▶ **DATA SECTION**:
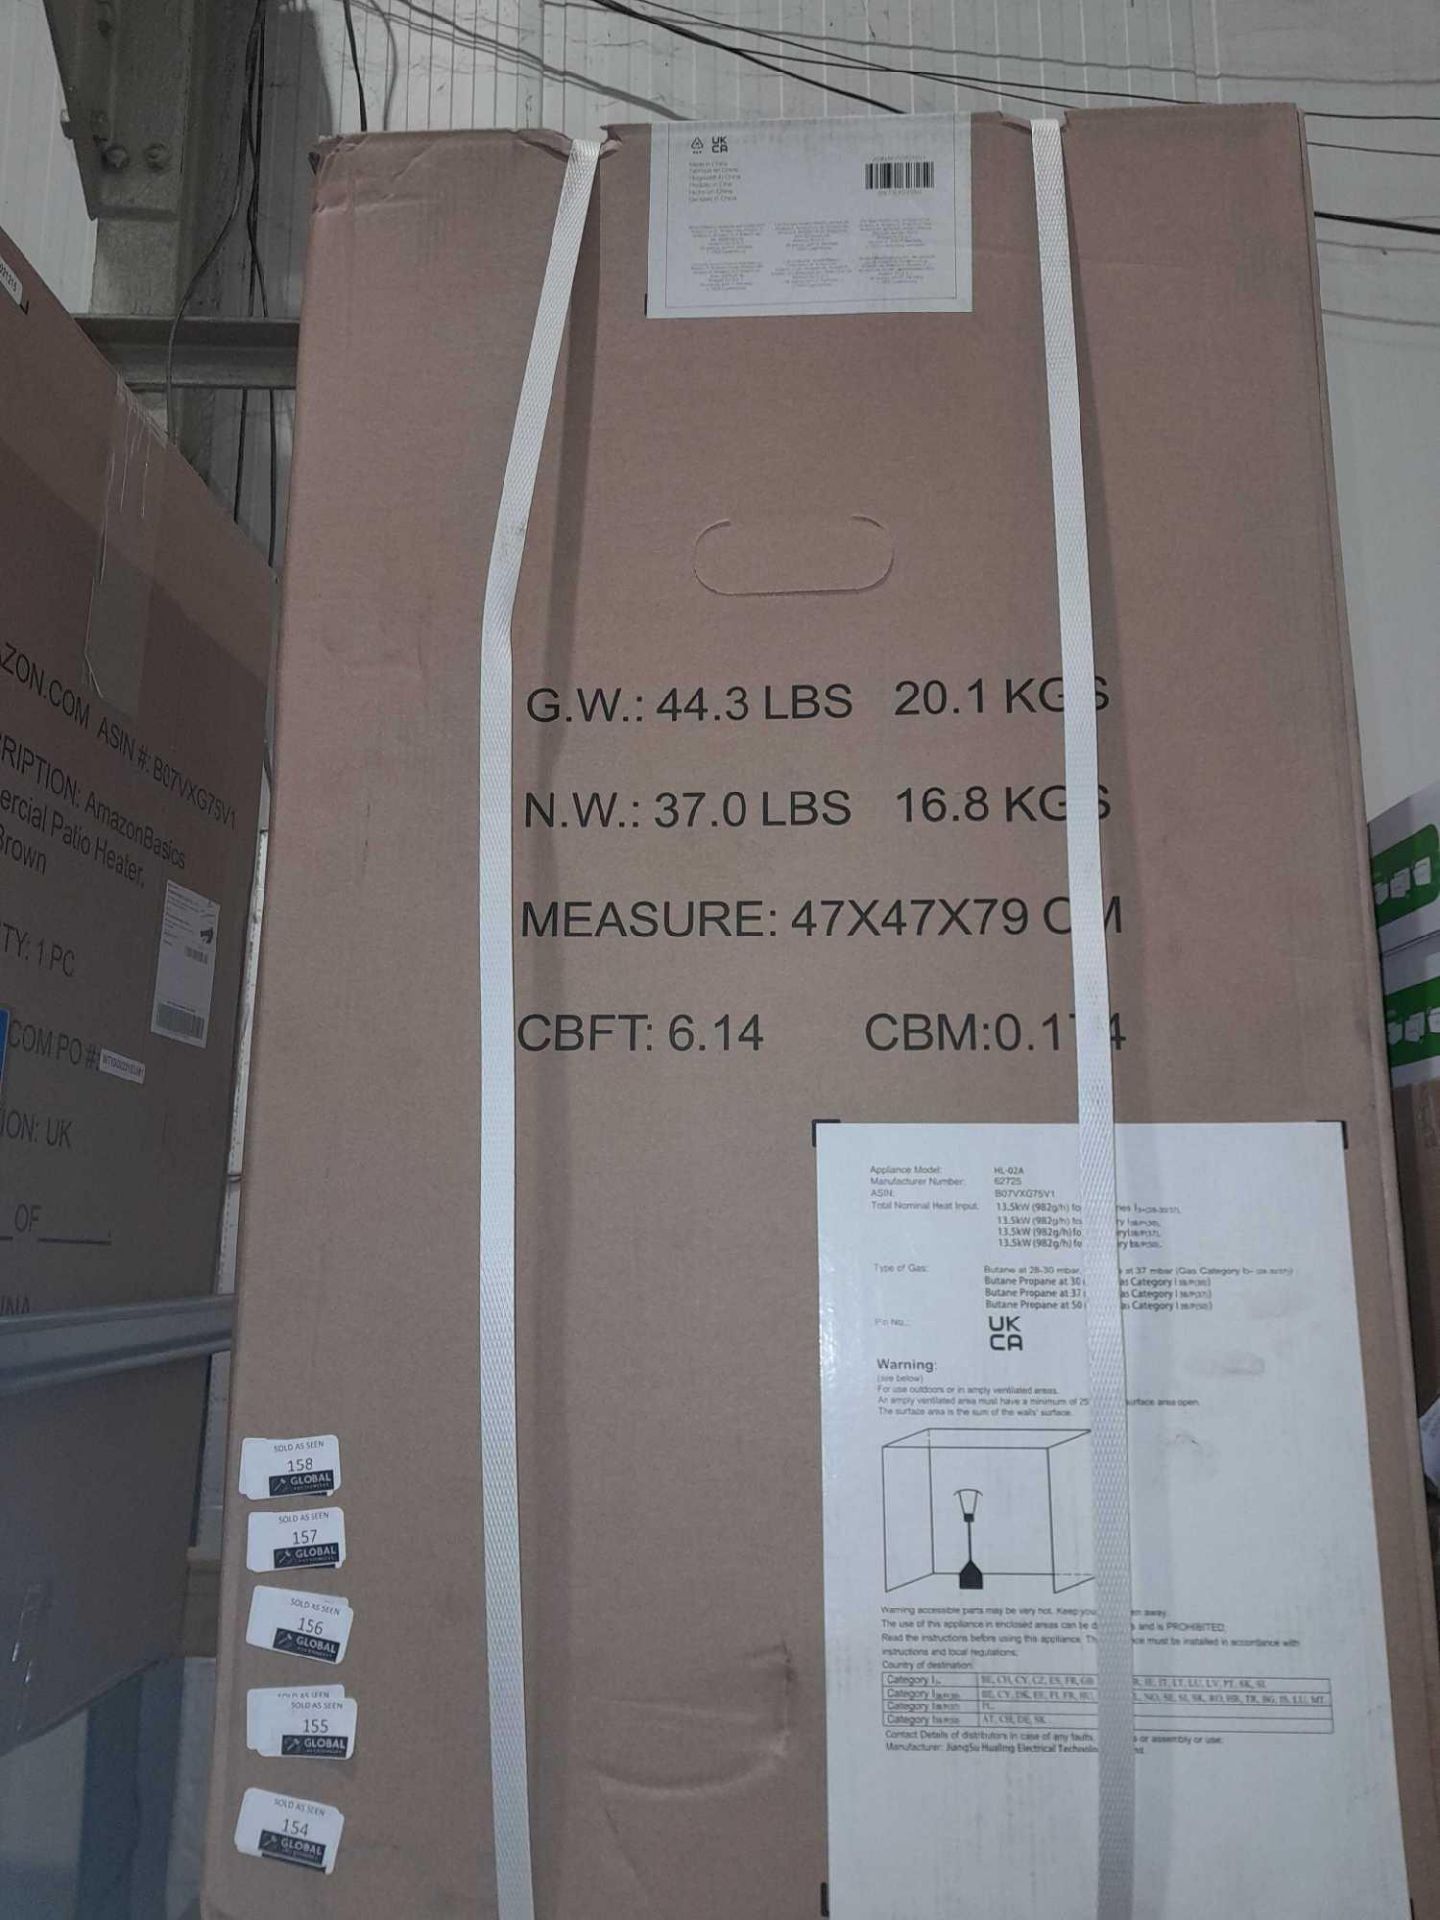 RRP £150 Factory Sealed Amazon Basics Patio Heater - Image 2 of 2
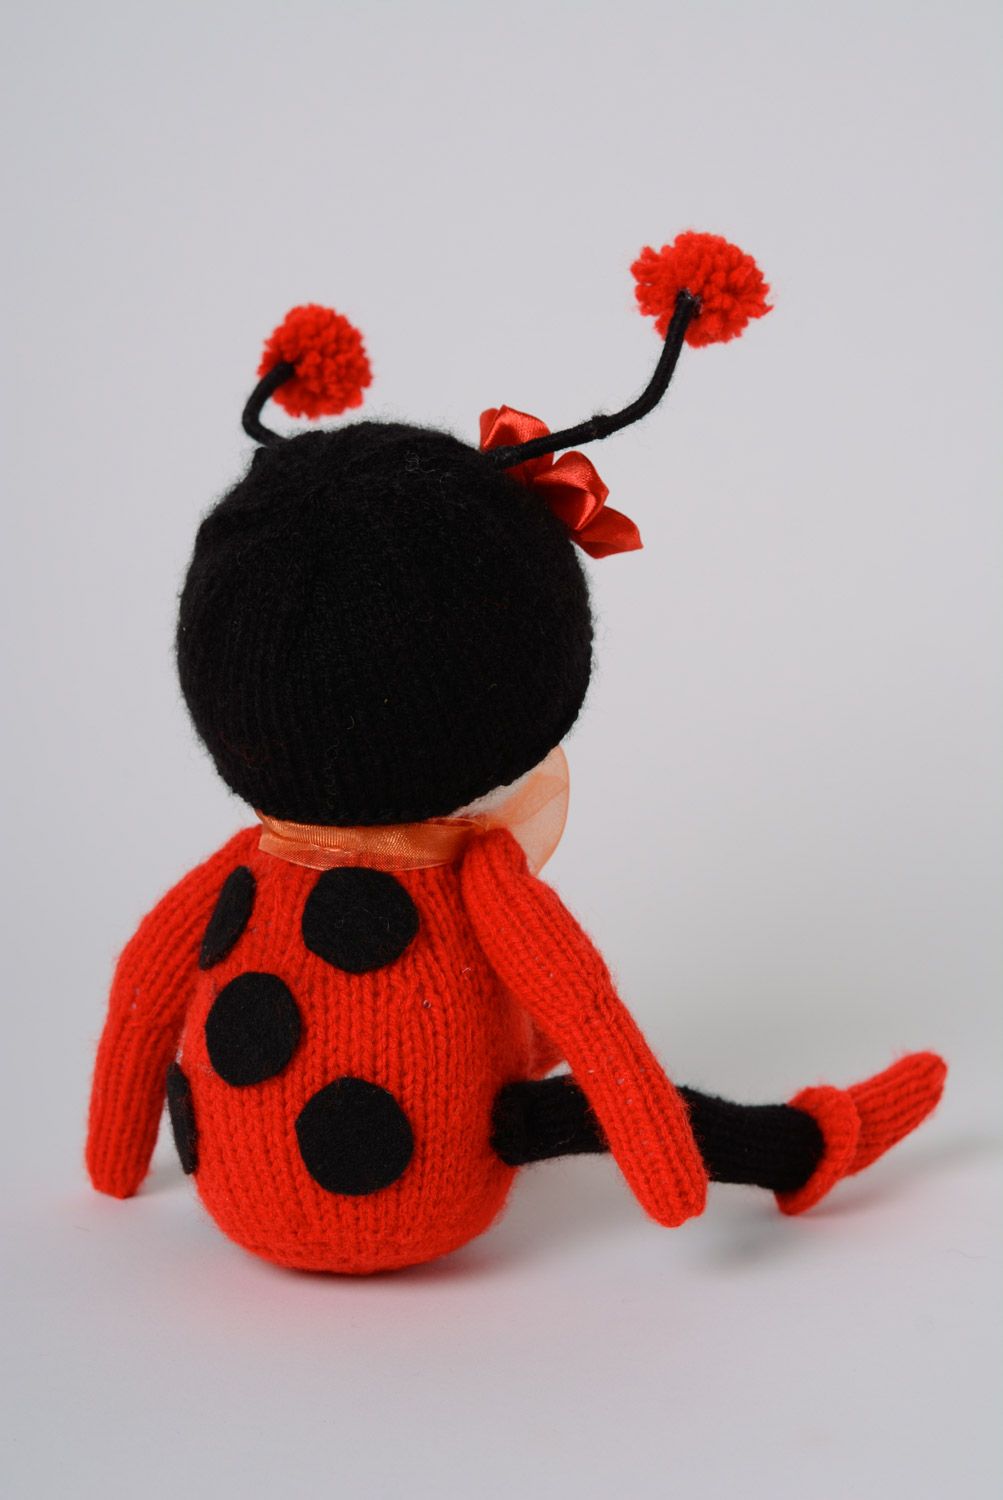 Jouet mou tricoté an acrylique au crochet rouge et noir fait main Coccinelle photo 3
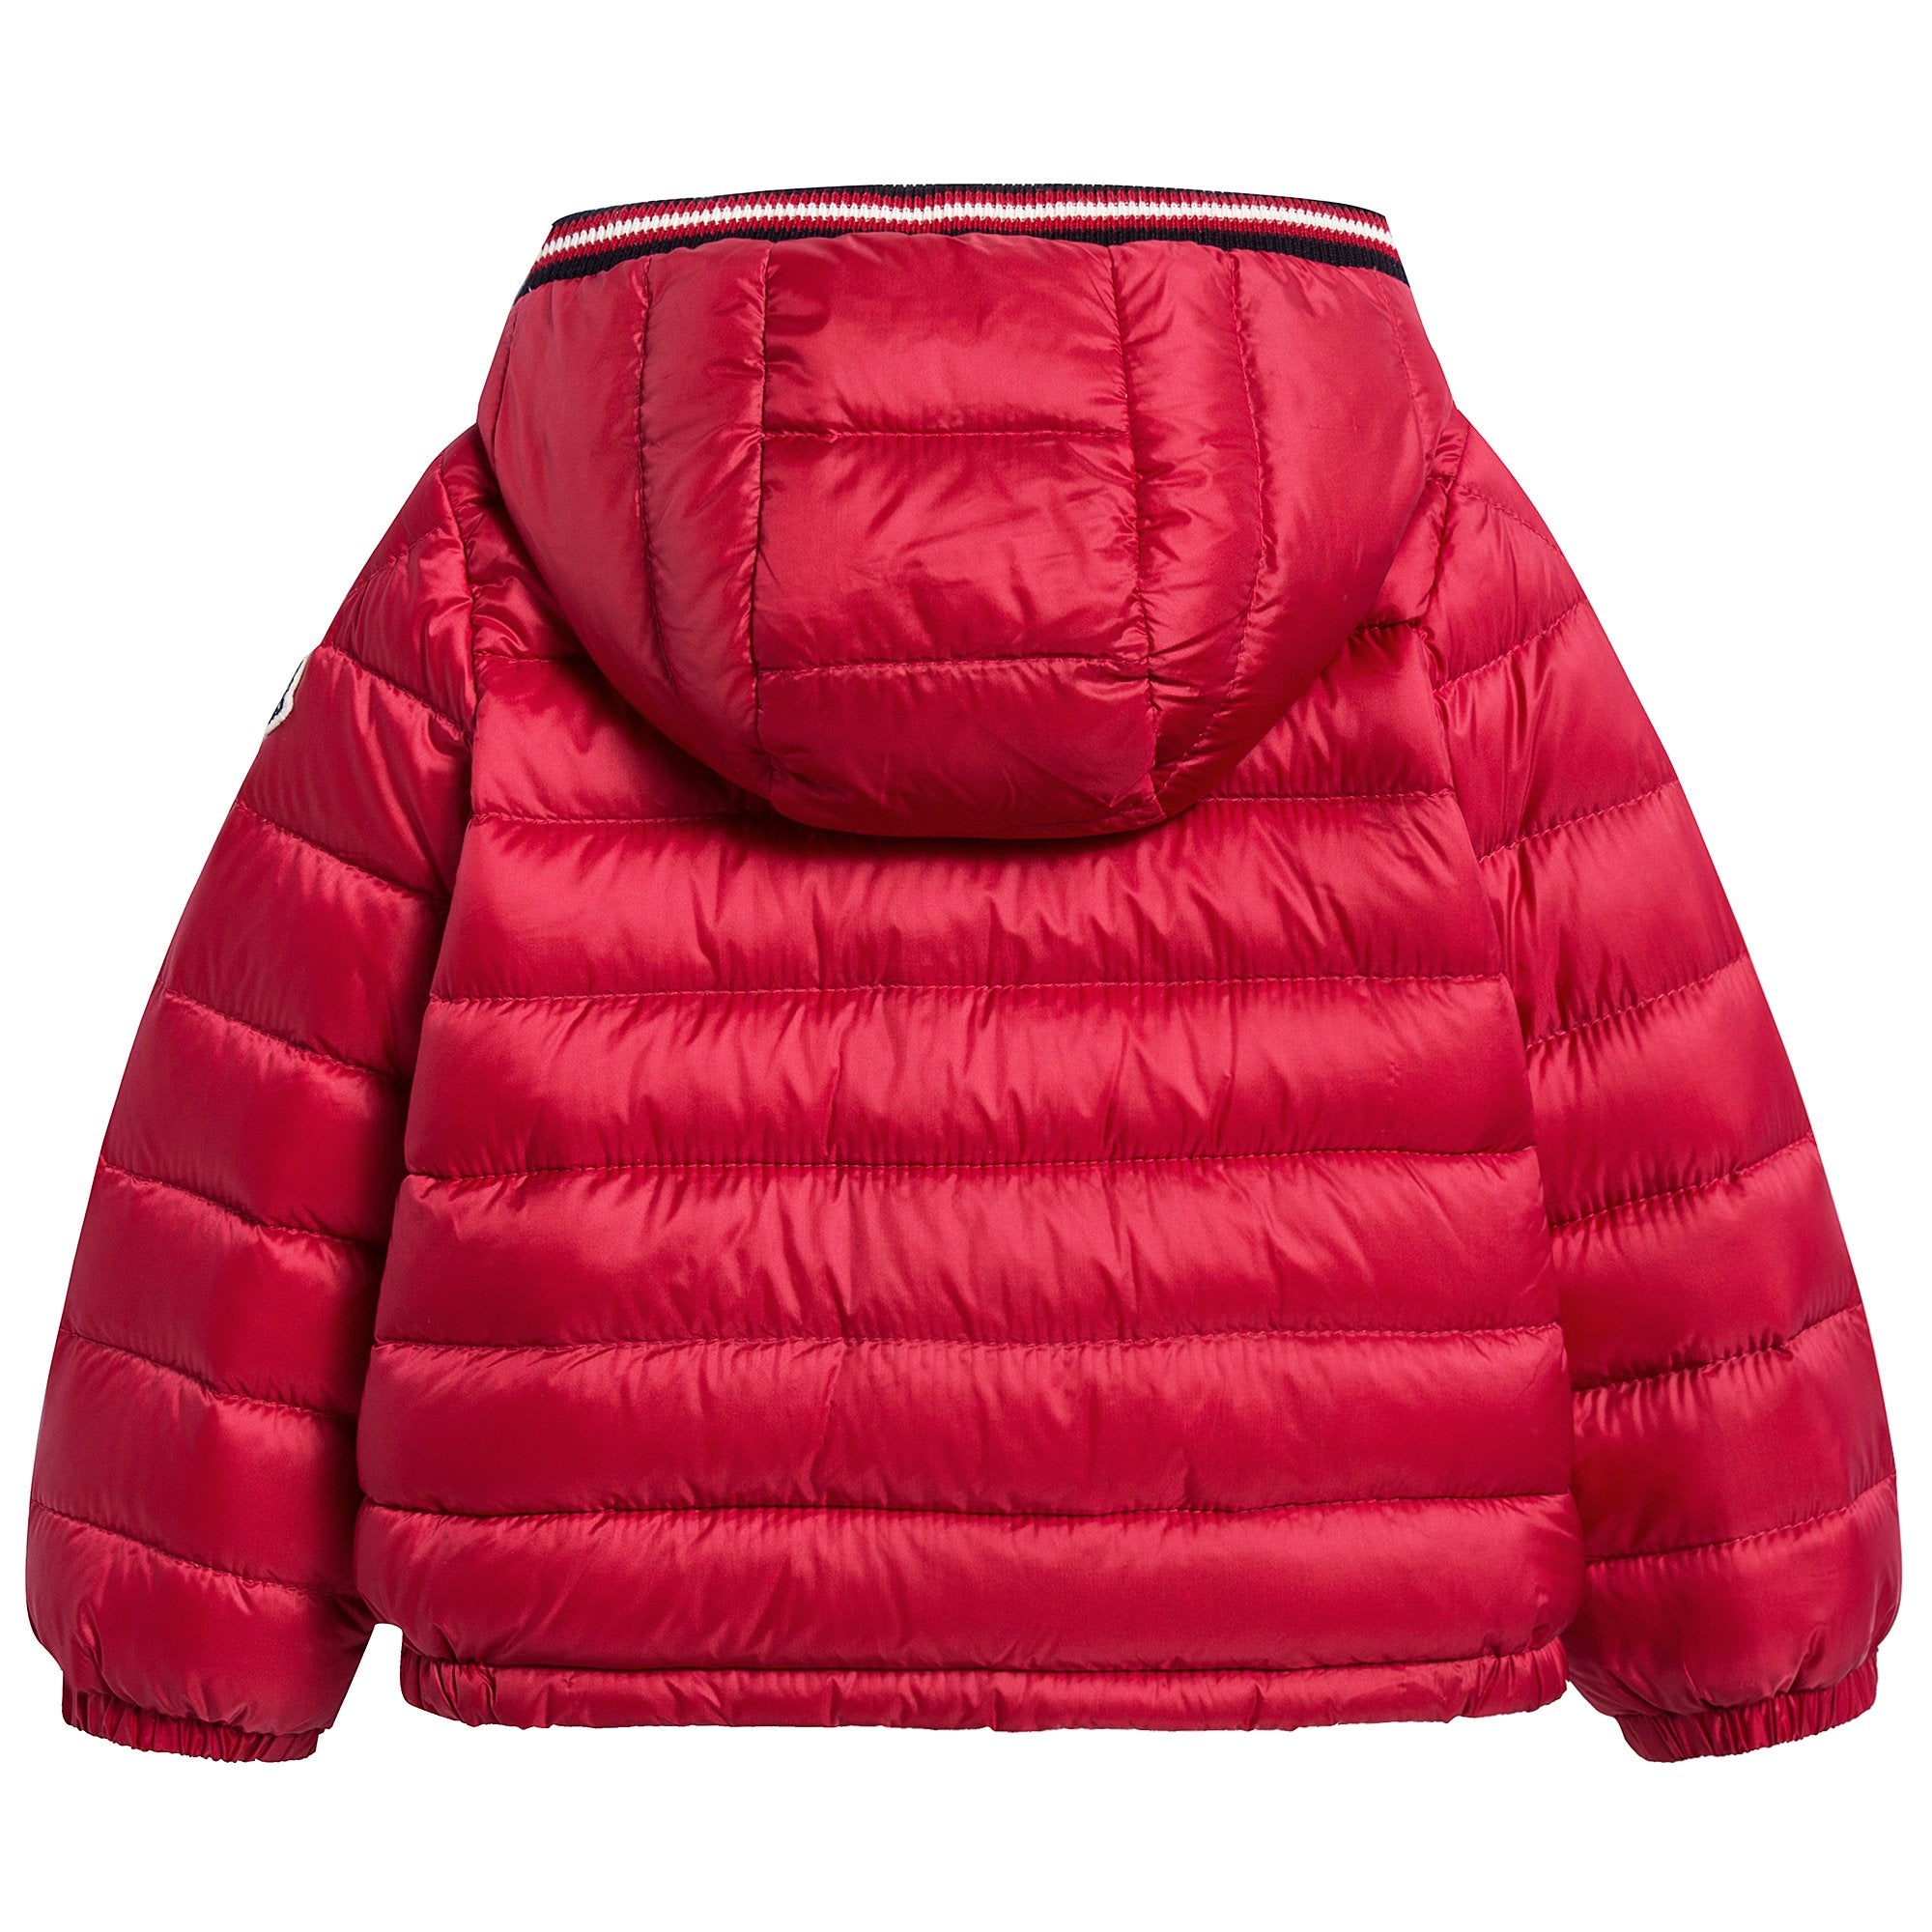 Baby Red "Blasimon Giubbotto" Coat

▶ **WHAT YOU NEED TO DO**: Please repeat the data above exactly as it appears, pictures excluded.

▶ **TASK RESPONSE**:
 RRP £150 Factory Sealed Amazon Basics Patio Heater - Image 2 of 2
 Jouet mou tricoté an acrylique au crochet rouge et noir fait main Coccinelle photo 3
 Baby Red "Blasimon Giubbotto" Coat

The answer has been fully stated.